Using Voice Mode

Voice mode lets you talk to Mona naturally. This guide covers setup, usage, and optimization.

Installation

cd ~/.monoclaw/monoclaw-runtime
uv pip install -e ".[voice]"

This installs:

faster-whisper — Local speech-to-text
sounddevice — Audio capture
numpy — Audio processing

CLI voice mode

Enable

/voice on

Record and send

Press Ctrl+B to start recording
Speak your message
Press Ctrl+B again to stop
Mona transcribes and responds

Switch TTS voice

/voice voice zh-HK-HiuMaanNeural

Telegram voice messages

No setup needed — just send a voice message to Mona. She will:

Download the voice note
Transcribe it locally
Reply (with text or voice if TTS is on)

Enable TTS replies

monoclaw config set telegram.tts.enabled true

Discord voice channels

Join a voice channel

/voice join

Speak naturally

Join the same voice channel as Mona
Speak normally — she listens and responds
She leaves when you use /voice leave

Push-to-talk alternative

If the channel is noisy, use text chat alongside voice:

@Mona [voice only] summarize what I just said

Choosing a TTS provider

Edge TTS (free, default)

Good for everyday use.
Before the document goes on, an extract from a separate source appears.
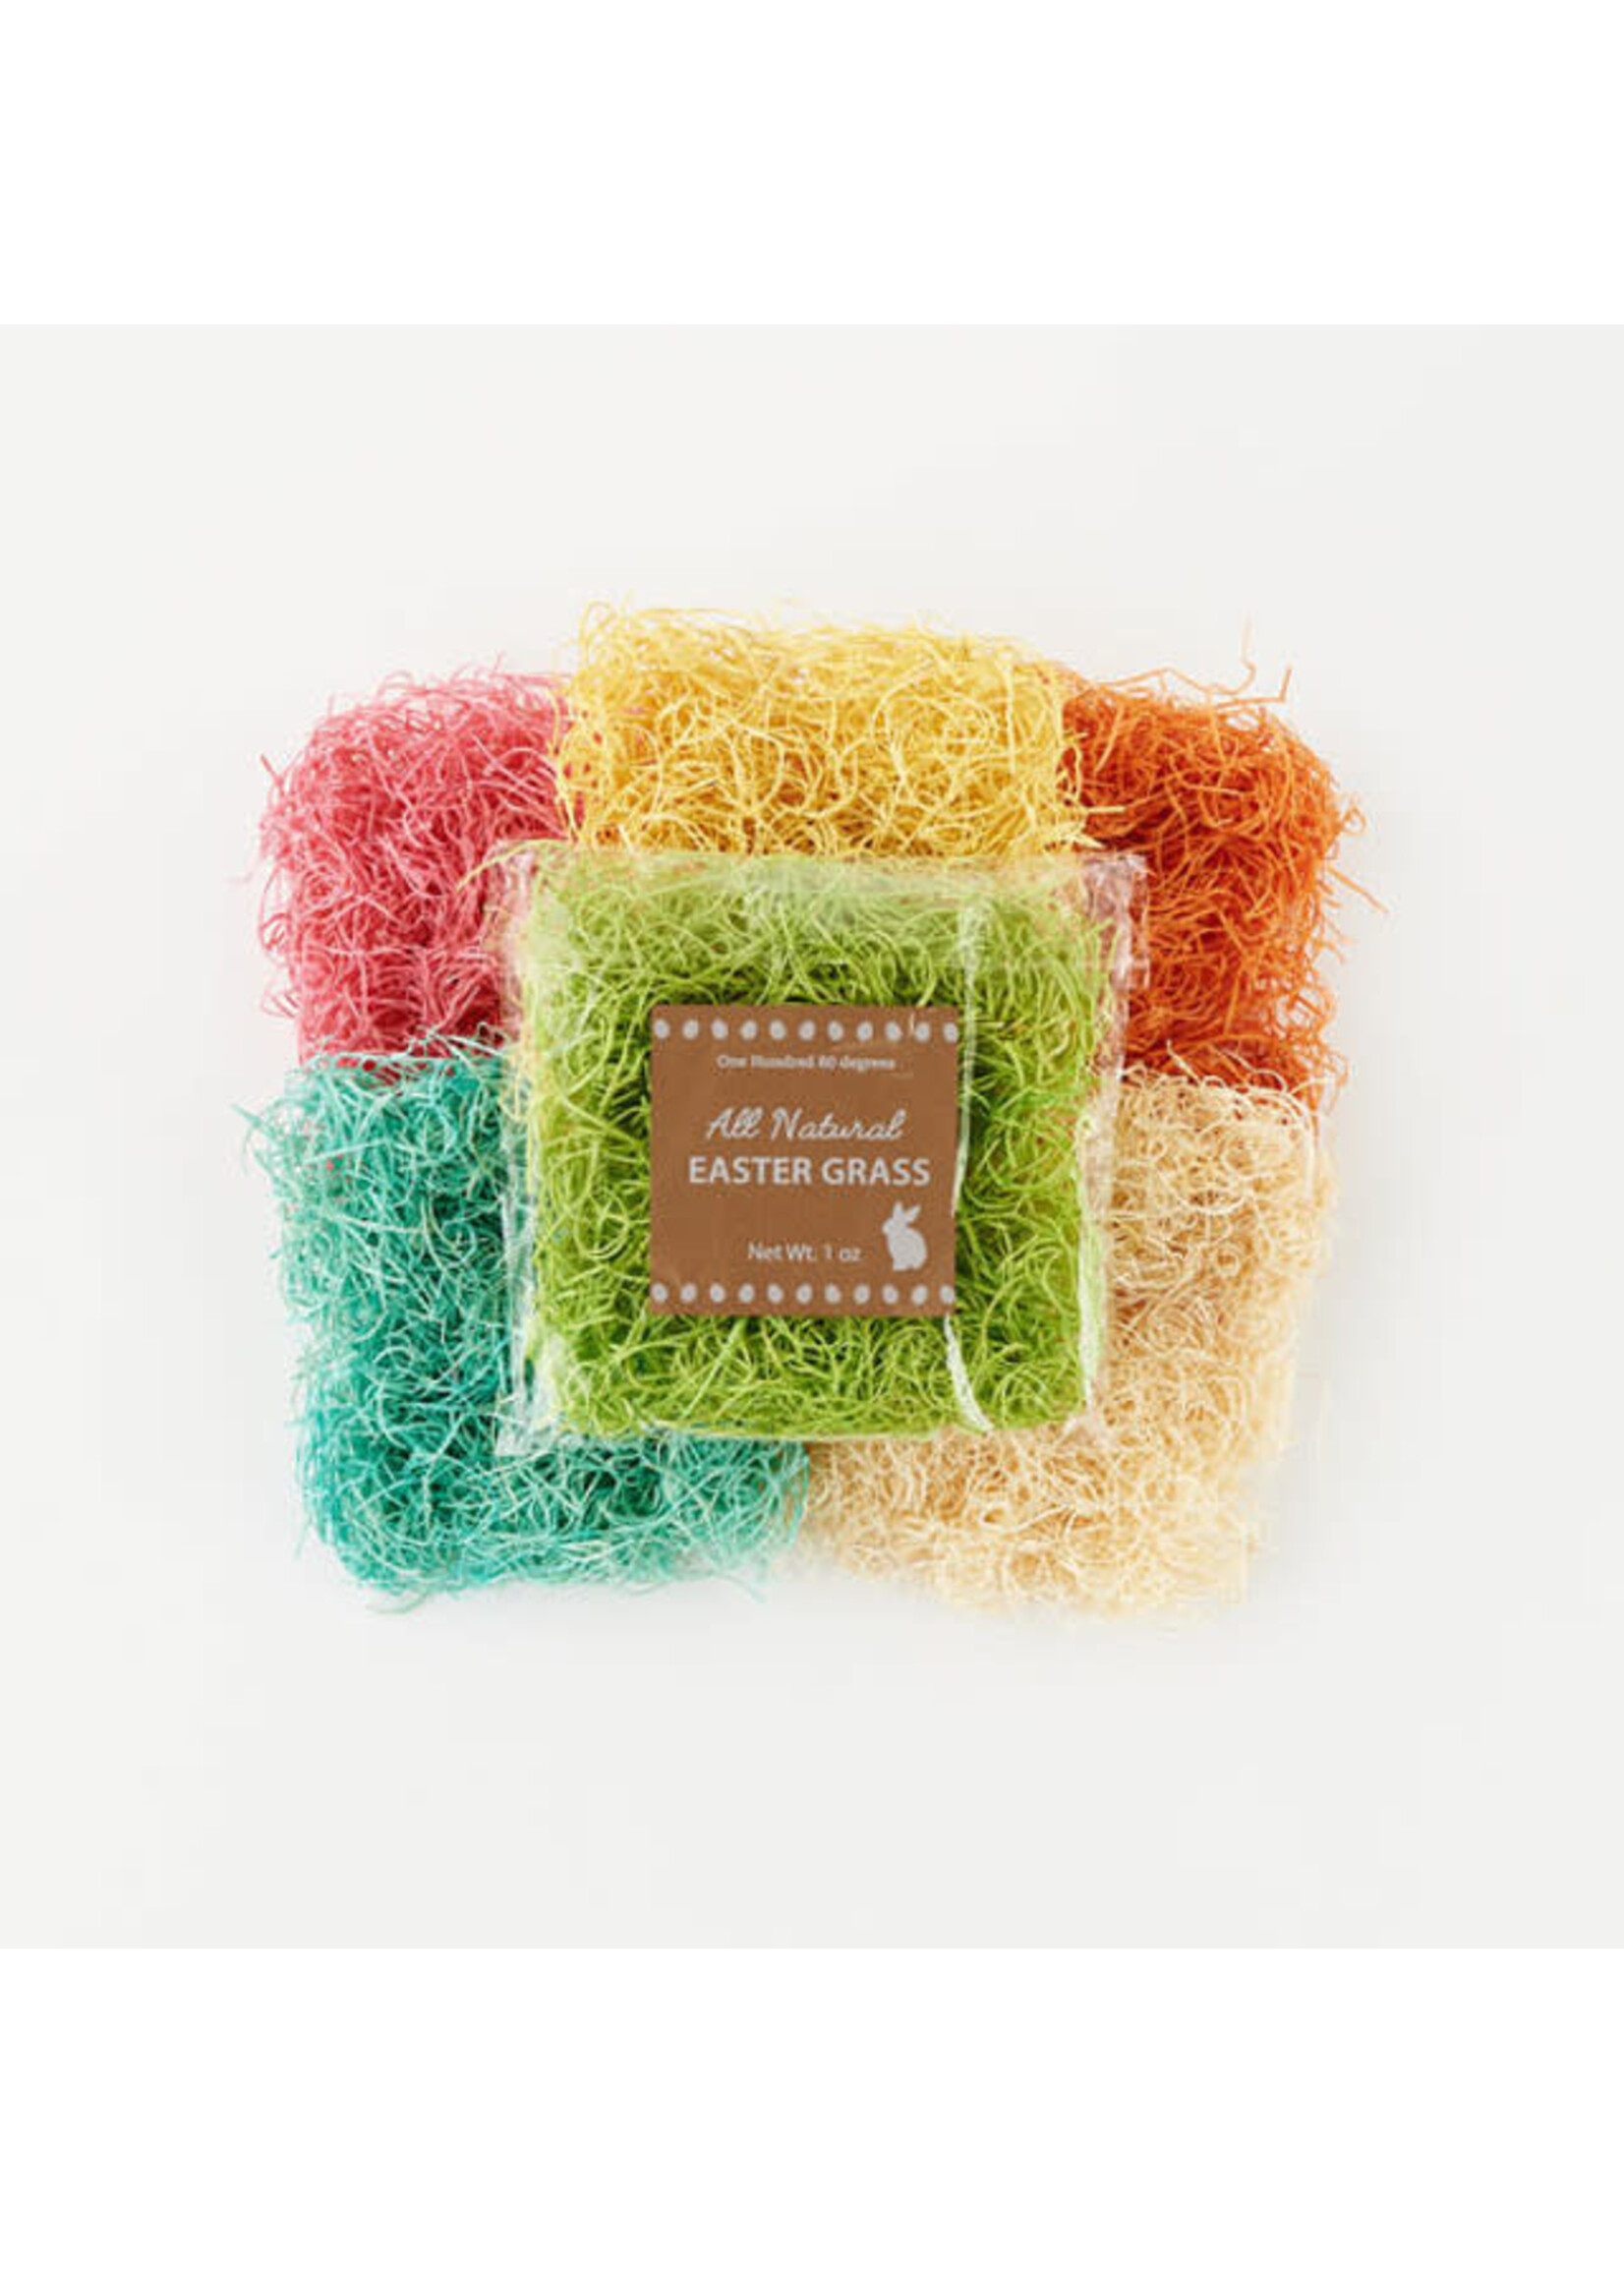 ONE HUNDRED 80 DEGREES Easter Grass in Cello Bags, Natural Fibers 1 oz.

Configure:

monoclaw config set tts.provider edge-tts
monoclaw config set tts.edge-tts.voice "en-US-AriaNeural"

ElevenLabs (premium)

Best quality, supports voice cloning:

uv pip install -e ".[tts-premium]"
monoclaw config set tts.provider elevenlabs
monoclaw config set ELEVENLABS_API_KEY "your-key"

Optimizing transcription accuracy

Choose the right whisper model

Model	Accuracy	Speed	RAM
tiny	Basic	Fastest	~1GB
base	Good	Fast	~1GB
small	Very good	Medium	~2GB
medium	Excellent	Slow	~5GB
large	Best	Slowest	~10GB

monoclaw config set voice.stt.model "small"

Set language

Auto-detect works well but specifying improves accuracy:

monoclaw config set voice.stt.language "zh"    # Mandarin
monoclaw config set voice.stt.language "yue"   # Cantonese
monoclaw config set voice.stt.language "en"    # English

Best practices

Speak clearly — Whisper handles accents but clarity helps
Keep messages short — Under 30 seconds for best results
Use in quiet environments — Background noise reduces accuracy
Test different models — Balance accuracy vs speed for your hardware
Use headphones in Discord — Prevents echo and feedback

Troubleshooting

Problem	Fix
"Voice mode not available"	Install `[voice]` extra
"No audio input"	Check microphone permissions in OS settings
Poor transcription	Try a larger whisper model
High latency	Use `base` or `small` model; reduce TTS quality
Discord voice choppy	Check network connection; lower bitrate